21 Nov El Colegio de Médicos participa en las III Jornadas “¿Estamos locos, o qué?” sobre adolescencia y salud mental en Alcázar de San Juan
La Gerencia de Atención Integrada de Alcázar de San Juan celebró el pasado 20 de noviembre, en el Teatro Emilio Gavira, las III Jornadas de Sensibilización para una Adolescencia Saludable “¿Estamos locos, o qué?”, una iniciativa que reunió a más de 700 estudiantes de institutos de Alcázar, Herencia, Campo de Criptana, Villafranca de los Caballeros y Miguel Esteban.
El Colegio de Médicos de Ciudad Real participó en la inauguración institucional a través de su vocal, Dra.

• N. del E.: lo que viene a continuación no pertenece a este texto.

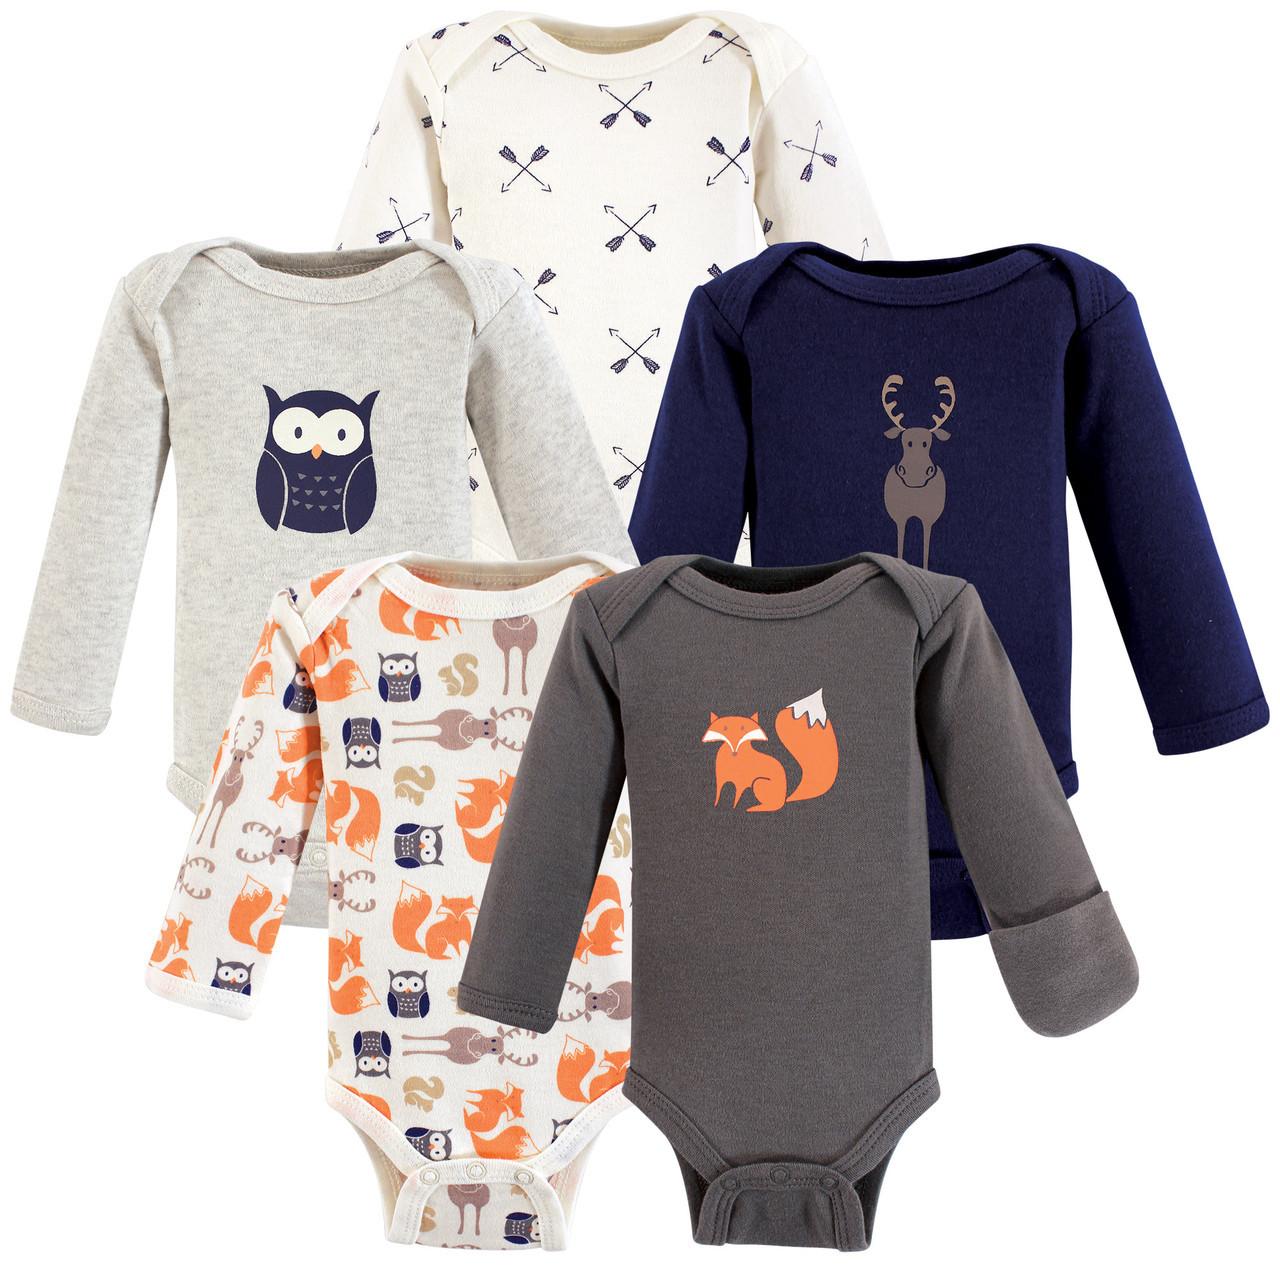 Football 5-Pack Hudson Baby Boy Long-Sleeve Bodysuits
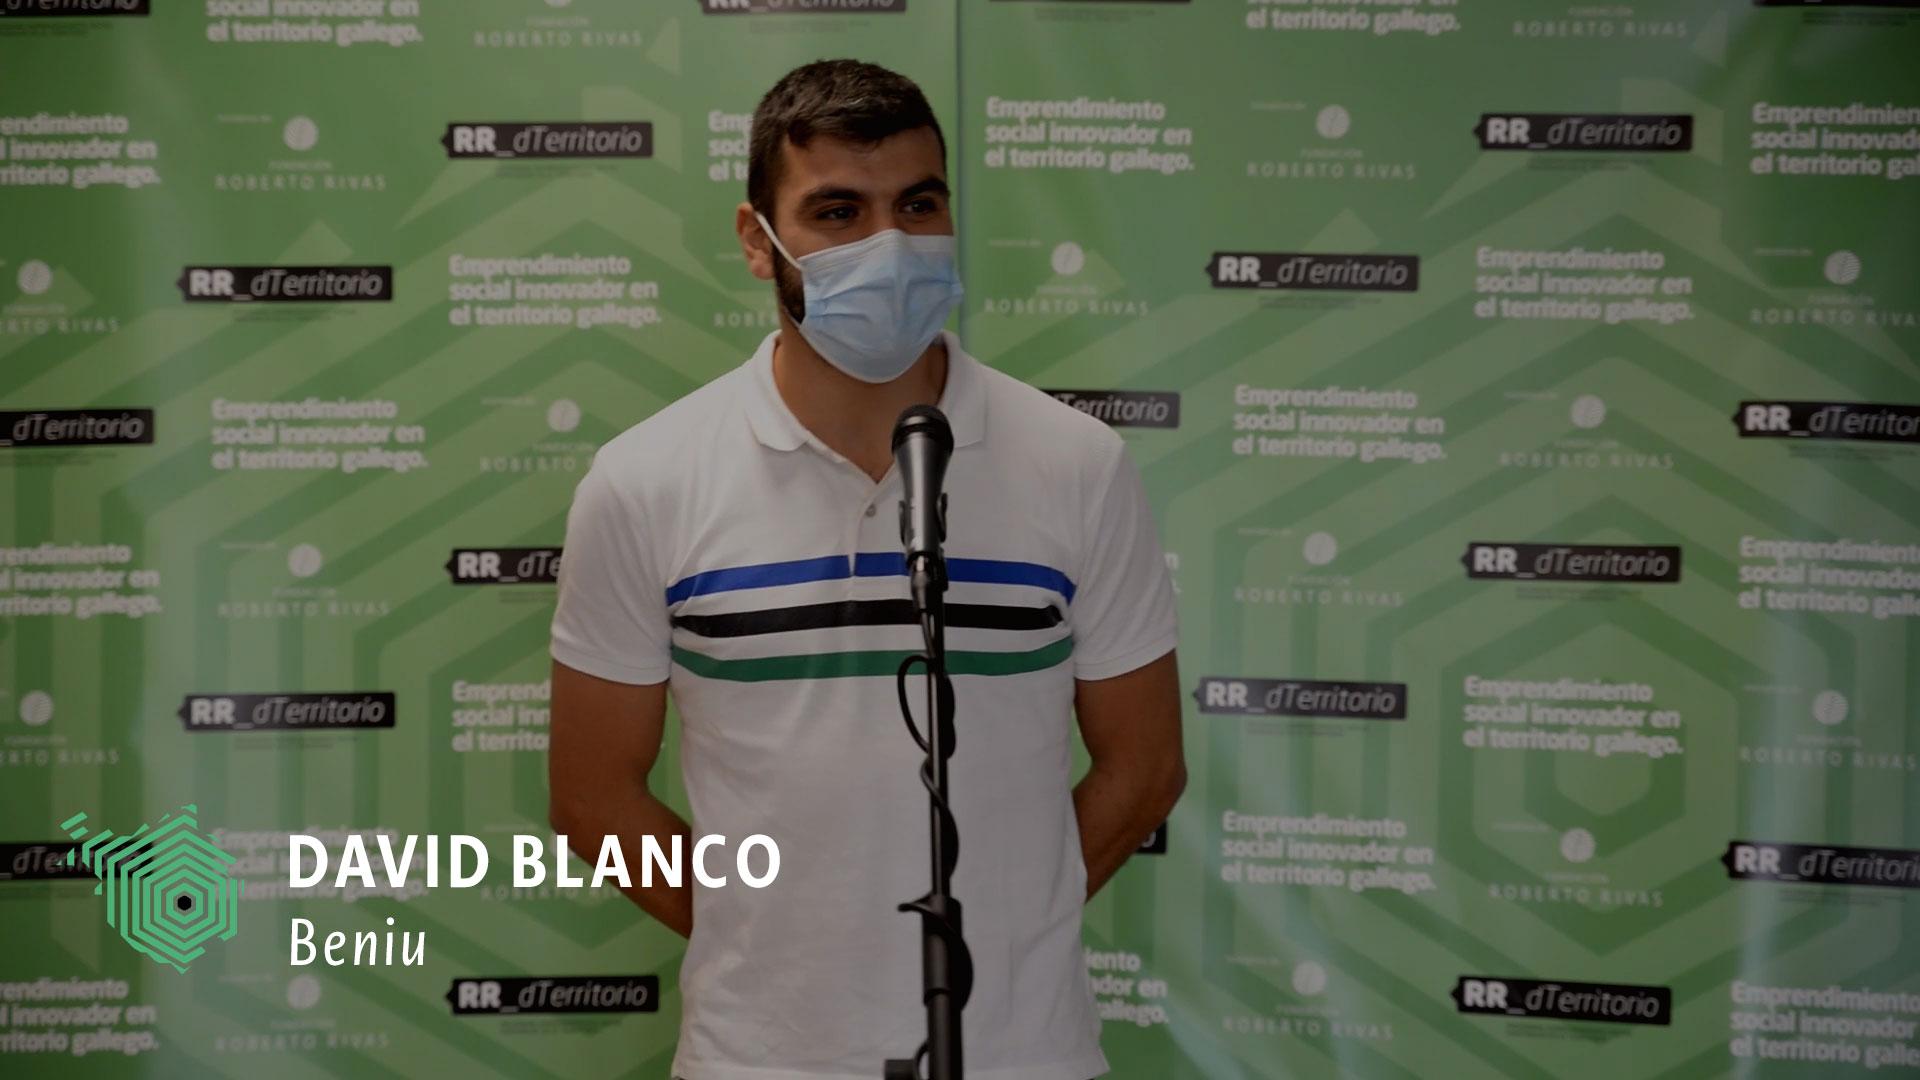 Beniu de David Blanco

Beatriz Serrano, quien destacó “la enorme importancia de promover actividades de prevención primaria y salud comunitaria dirigidas a los jóvenes”, recordando que familias, centros educativos y profesionales sanitarios “son agentes clave en el desarrollo emocional del adolescente”. Serrano afirmó además que el Colegio continuará respaldando iniciativas que contribuyan a impulsar la educación en salud desde edades tempranas.
En la apertura intervinieron también Lucas Salcedo, director gerente de la GAI de Alcázar de San Juan; Pedro Cebrián, vocal del Colegio de Enfermería; Patricia Benito, concejala de Servicios Sociales; y Daniel Patiño, experto en educación sexual.
El Dr. Salcedo subrayó el salto cualitativo de esta edición, que además de las ponencias incorpora un escape room educativo, concursos de vídeo y pósteres creados por el propio alumnado y semanas de trabajo previo en los centros educativos. “La salud emocional es un compromiso compartido -señaló-, y solo avanzamos si caminamos juntos”.
Las jornadas abordaron temas centrales para los adolescentes y su entorno: salud mental y emociones, sexualidad responsable, uso de la tecnología, prevención de adicciones, y acompañamiento familiar y educativo.
El ponente Daniel Patiño insistió en la necesidad de reforzar la educación afectivo-sexual, ante el aumento de infecciones de transmisión sexual y embarazos no deseados en población joven.
Durante la sesión de tarde, dirigida a familias y profesionales, se puso el foco en la importancia de construir espacios donde los adolescentes puedan expresar lo que sienten “sin miedo y sin juicio”, promoviendo la prevención real y sostenida.